UFC árido, um deserto de qualidades pelo qual nos arrastamos por horas a espera de um copo d’água, um oásis ao final, Edgar VS Maynard apareceram na linha do horizonte, mas apenas como miragem. Morrermos secos, com a cara na areia de um dos eventos mais chatos do ano. A luta principal de um card é mais do que a última, mais do que a mais importante, normalmente todo o planejamento, divulgações, casamento de combates e escolha de atletas orbita ao seu redor. A mudança de um main event tende a alterar todo o tom do evento e esse UFC 130 é um dos melhores exemplos de que da qualidade do matchmaking depende a falência ou sucesso de uma organização. Rampage e Hamill jamais poderiam estrelar um UFC atualmente, não os dois juntos pelo menos, mas se temos que isentar a organização de culpa já que os protagonistas originais se lesionaram é também verdade que não foi uma noite muito inspirada, nem por parte da maioria dos atletas nem por parte dos seus organizadores ao casar os combates. Um evento morno e econômico na emoção que me lembrou os tempos de quando a Zuffa acabara de adquirir os direitos de um UFC quase falido.

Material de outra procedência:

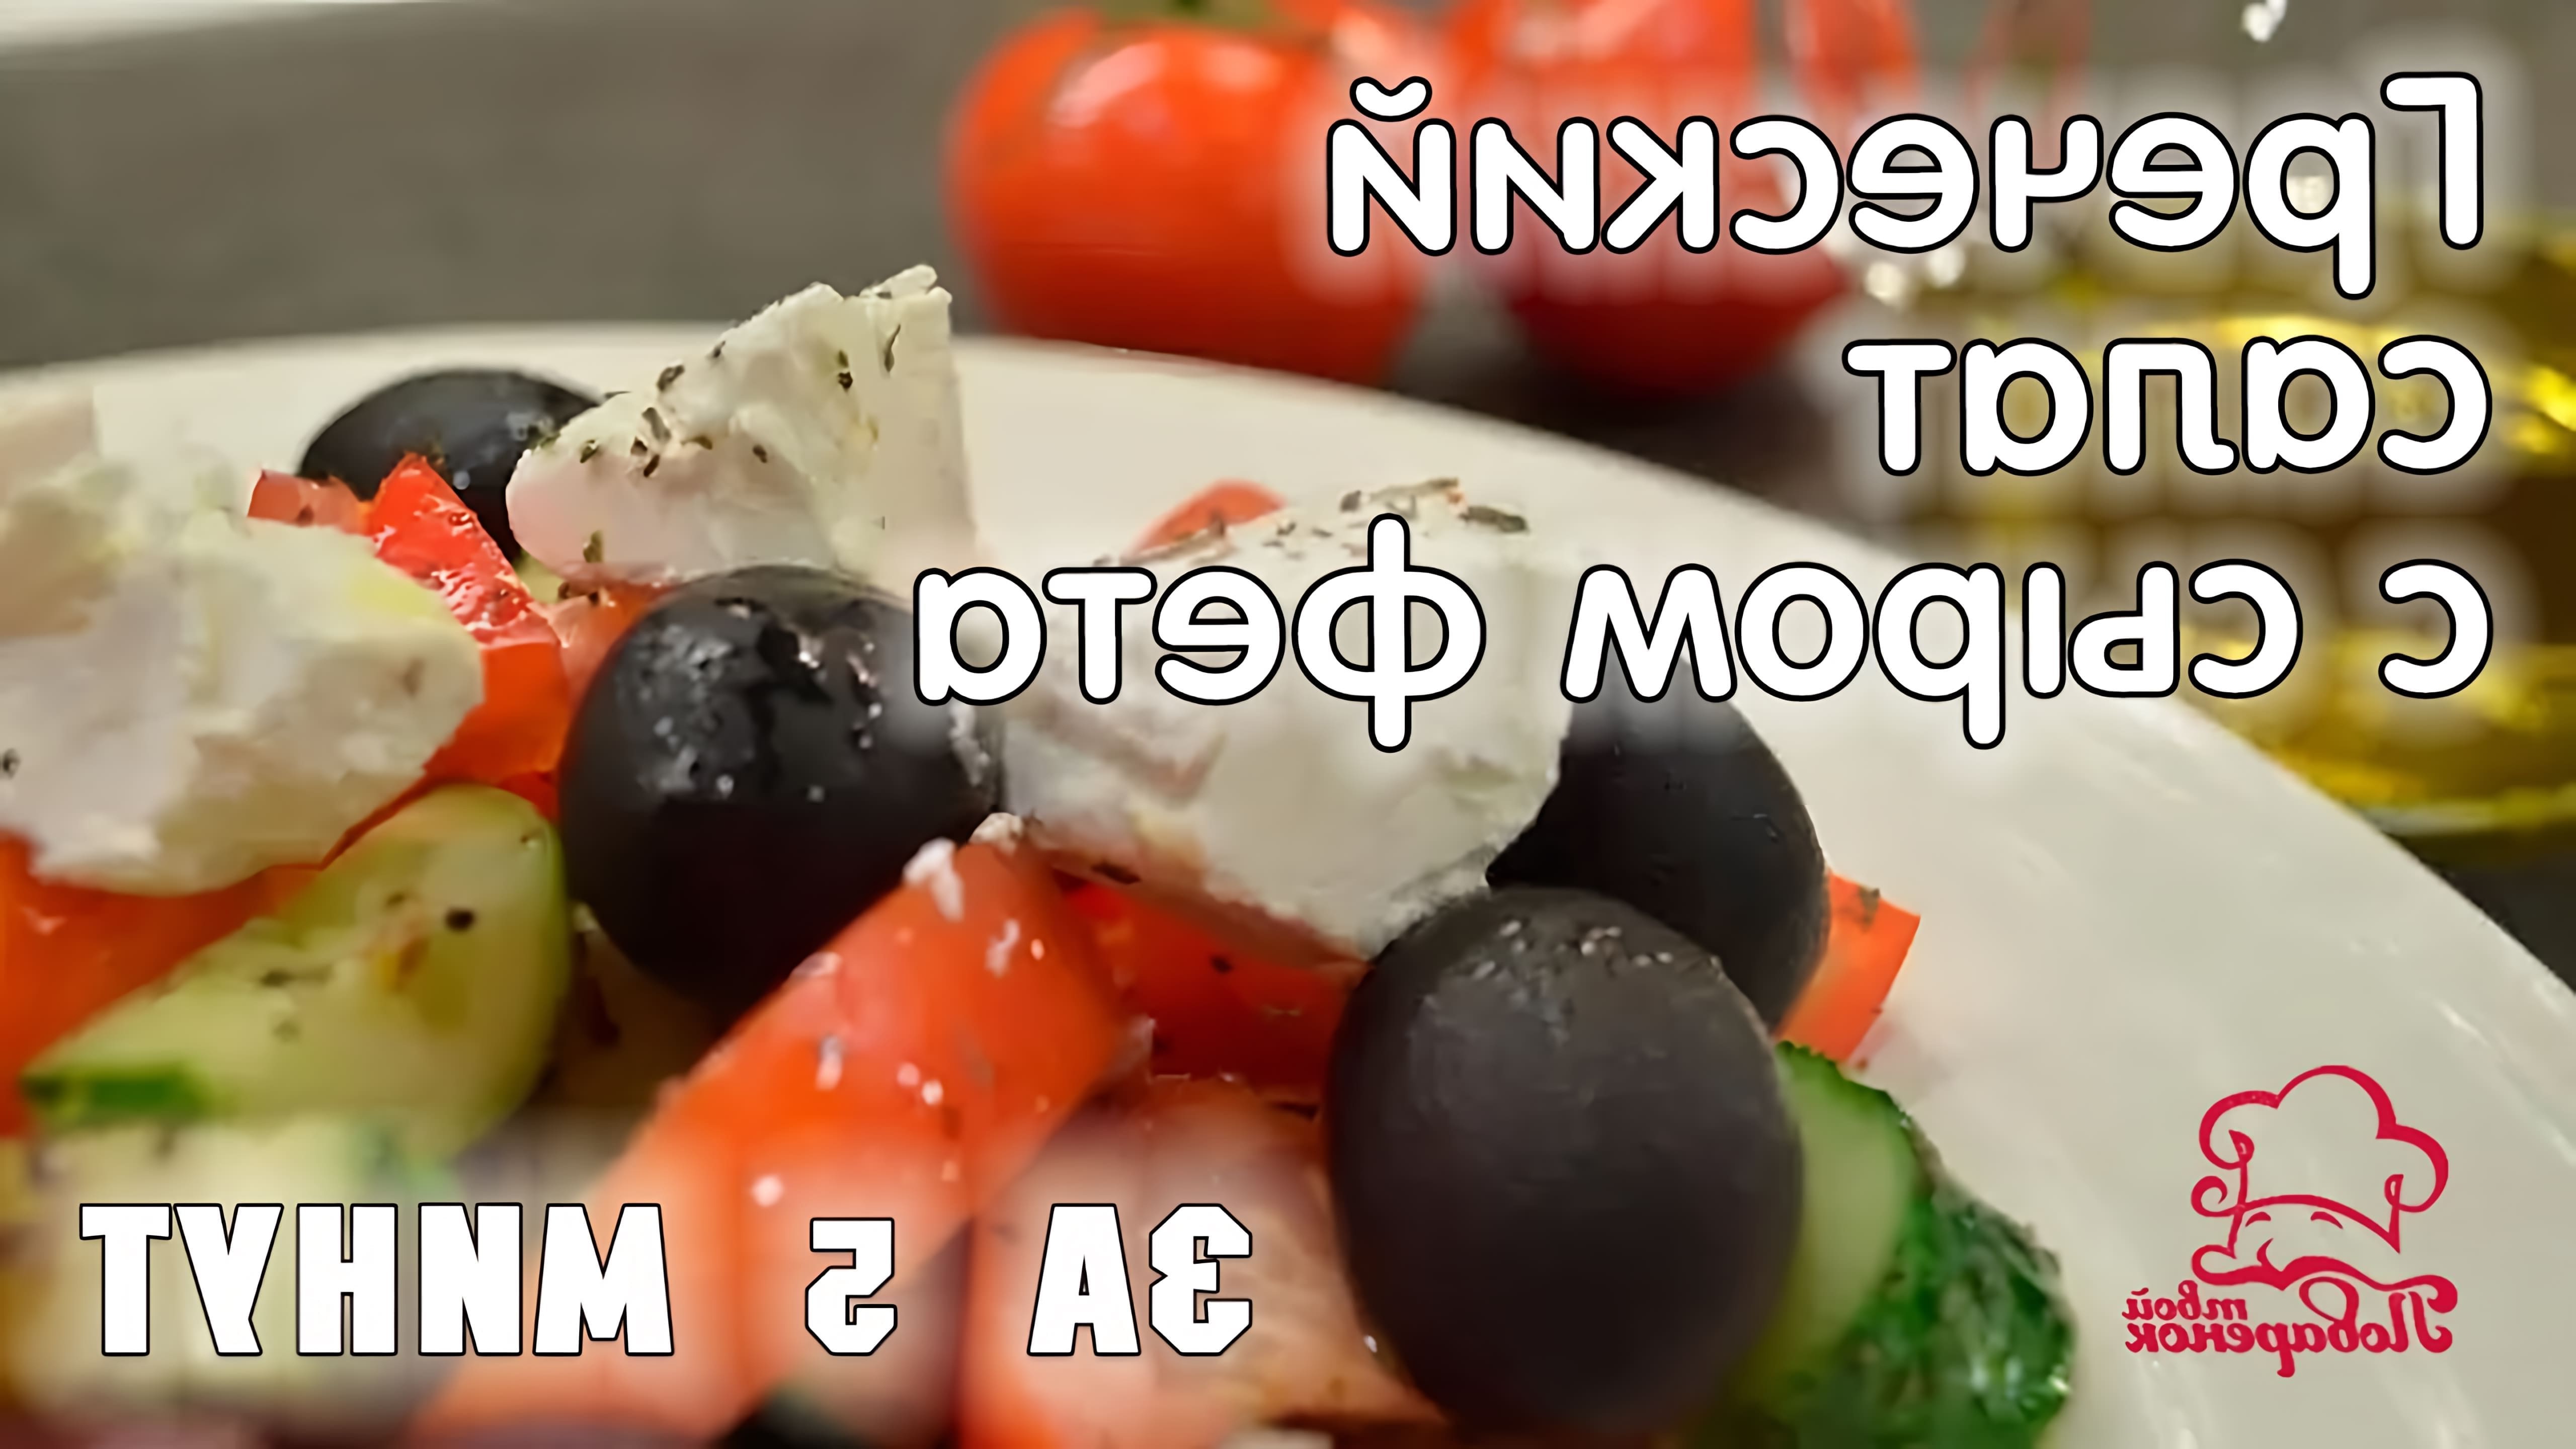 В этом видео демонстрируется простой и быстрый рецепт классического греческого салата, который можно приготовить всего за 5 минут

Quinton Jackson VS Matt Hamill

A máquina midiática do UFC tem um poder de manipulação de realidades impressionante. Desde convencer a maioria dos fãs que Rampage estava acabado e em fim de carreira após ter aberto mão da luta contra Rashad para divulgar o filme Esquadrão Classe A, até massificar que Matt Hamill é um grande atleta postulante ao cinturão. Realidade é que Quinton Jackson só perdeu duas lutas desde que estreou no UFC, uma bem controversa para Griffin e uma bem equivalente com o ex campeão e nêmeses Evans, e venceu Dan Handerson, atual campeão do Strikeforce, Lyoto Machida, Chuck Liddell, ainda no auge, entre outros. Quando parecia que abandonaria a carreira de lutador para seguir a de ator, Dana White fez o que adora fazer, convencer a todos de que quem não luta do no UFC não presta. Hamill, que tem uma história de vida e superação incríveis e é de grande importância para o MMA como esporte de cunho social, não passa de um mediano. Um nocaute para Franklyn que estreava no meio pesado, um espancamento nas mãos de Jones, uma vitória apertada sobre o decadente Jardine e uma luta sem nenhuma inspiração contra seu ex mentor e fora de forma Tito Ortiz, o colocaram como candidato ao título.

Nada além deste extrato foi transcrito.